Other neologisms have different life stories. Spelling bro, slang for brother (male friend or peer) as bruh began in the southeastern US (where it reflects the local pronunciation) before finally jumping to southern California. The emoticon '-__-' (denoting mild annoyance) began in New York and Florida before colonising both coasts and gradually reaching Arizona and Texas.
Who cares? Well, the question of how language changes and evolves has occupied linguistic anthropologists for several decades. What determines whether an innovation will propagate throughout a culture, remain just a local variant, or be stillborn? Such questions decide the grain and texture of all our languages – why we might tweet 'I'm bored af' rather than 'I'm bored, forsooth'.
There are plenty of ideas about how this happens. One suggestion is that innovations spread by simple diffusion from person to person, like a spreading ink blot. Another idea is that bigger population centres exert a stronger attraction on neologisms, so that they go first to large cities by a kind of gravitational pull. Or maybe culture and demography matters more than geographical proximity: words might spread initially within some minority groups while being invisible to the majority.
Sophisticated computer models of interacting 'agents' (that is, virtual people having virtual conversations) can be used to examine these processes, but they tell us little unless there are real data to compare them against. Such data has been extremely difficult to obtain, but now social media channels provide an embarrassment of riches – a precise and searchable record of our exchanges, which are being used to explore everything from the cycle of emotions experienced in everyday life to the changing social sentiment during the course of the Arab Spring.
In this case, Eisenstein and colleagues scoured through messages from the public feed on Twitter. They collected around 40 million messages from around 400,000 individuals between June 2009 and May 2011 that could be tied to a particular geographical location in the USA because of the smartphone metadata optionally included with the message.
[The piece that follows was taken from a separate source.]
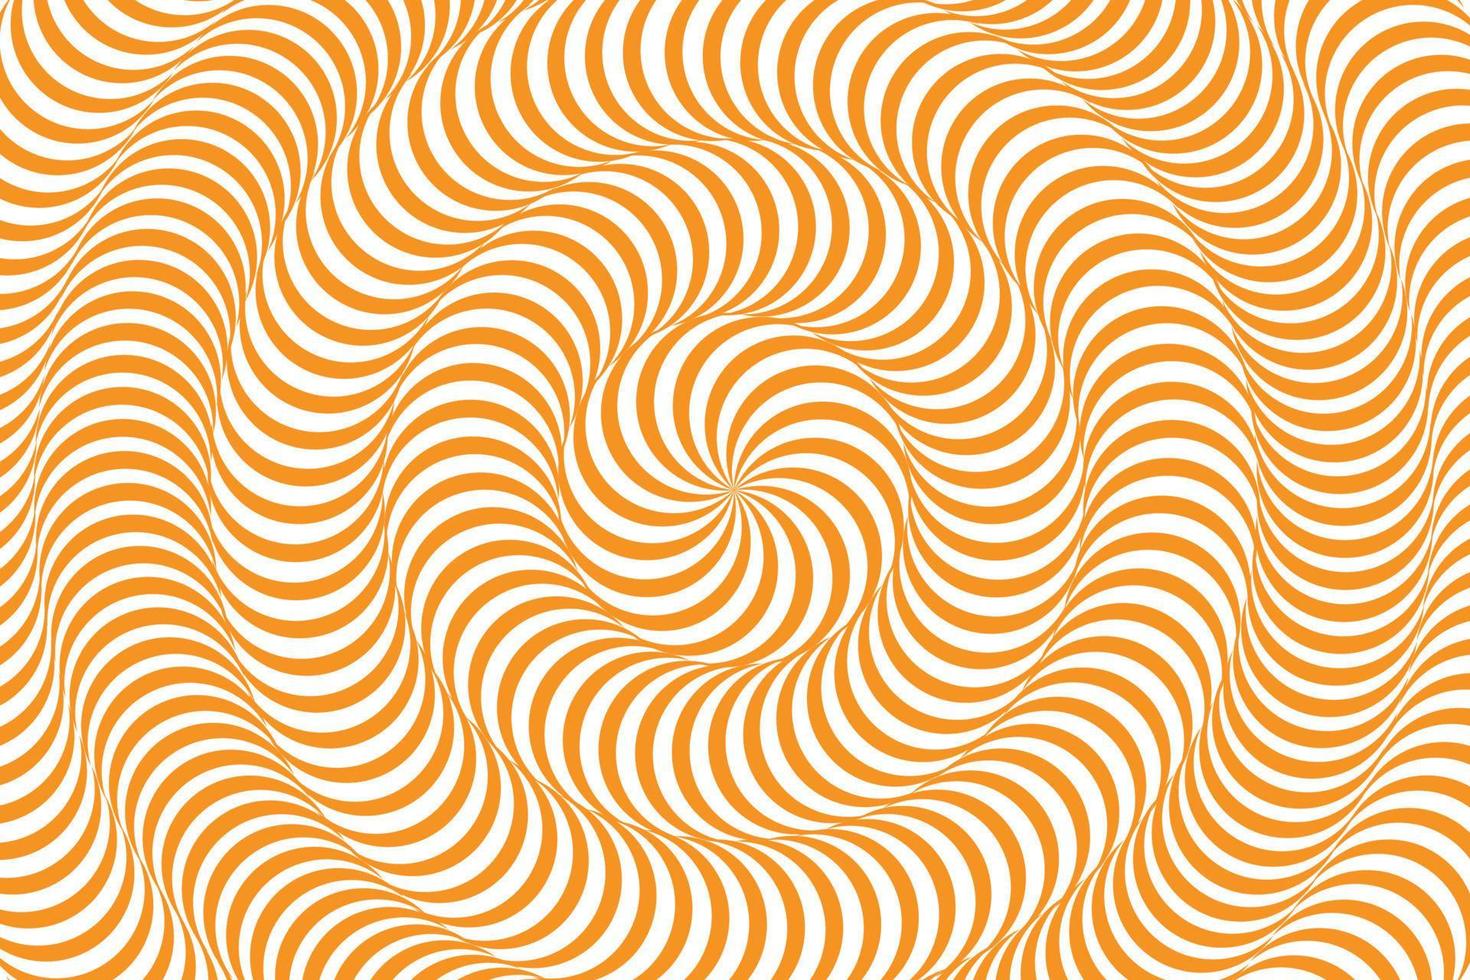 abstrakt optisk illusion spiral bakgrund vektor

The researchers then assigned these to their respective 'Metropolitan Statistical Areas' (MSAs): urban centres that typically represent a single city. For each MSA, demographic data on ethnicity are available which, with some effort to correct for the fact that Twitter users are not necessarily representative of the area's overall population, allows a rough estimate of the ethnic makeup of the message source.
Eisenstein and colleagues used statistical analysis techniques to work out how these urban centres influence each other – to tease out the network across which linguistic innovations like 'af', 'bruh' or '-__-'catch on. The result is a map of the USA showing not just how these phrases spread between population centres, but what the direction of that influence is.
What, then, are the characteristics that make an MSA likely to spawn successful neologisms? It's well established that Twitter has a higher rate of adoption among African Americans than other ethnic groups, and so it perhaps isn't surprising that they now find that innovation centres, as well as being highly populated, have a higher proportion of African Americans, and that similarity of racial demographic can make two urban centres more likely to be linked in the influence network. There is a long history of adoption of African American slang (cool, dig, rip off) in mainstream US culture, so these findings agree with what we might expect.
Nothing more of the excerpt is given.